Other Security Considerations:

– Backup all computers and update operating systems and software frequently.

– Social network security – Sharing too much info on social networks increases the risk that you will be preyed on. For example, telling the world, you are on a getaway with images opens the risk your house will be robbed.

– Protect your devices – Don’t leave your laptop, phone or tablet unattended even for a second. Do not leave anything in your automobile you do not want stolen because it’s just a matter of time.
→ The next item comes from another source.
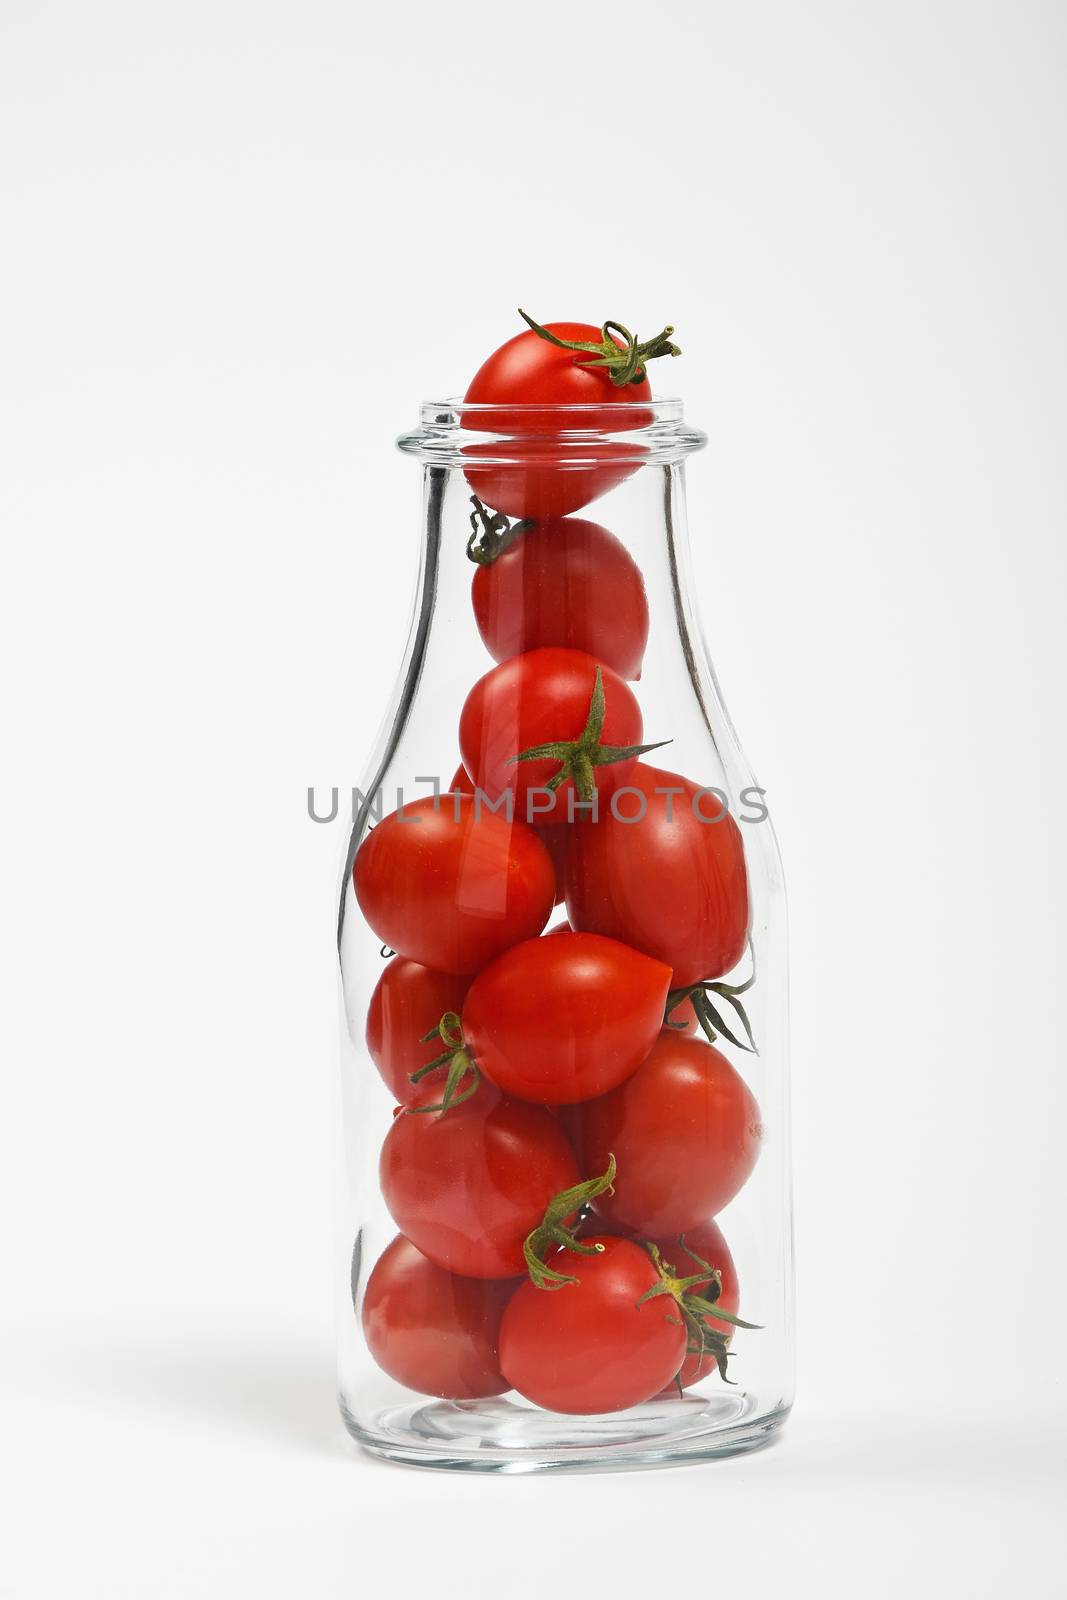 Big glass bottle full of cherry tomatoes over white background as symbol of fresh natural organic juice or ketchup

– Internet of things and device management – Understand how all your devices connect to the Internet and what information you are sharing. Inspect security settings for all devices including smart watches and fitness bands.

The worth of training on security awareness:

– This is another crime, where security awareness training can assist to reduce risk. Understanding brand-new criminal activities and rip-offs in the news is an essential part of security awareness training. Making sure that workers, friends and family understand this fraud will greatly minimize the possibility that you will be victimized.

– Sharing new rip-offs and crimes you hear about in the news with others, is very important to ensure that individuals you appreciate do not come down with these kinds of crimes.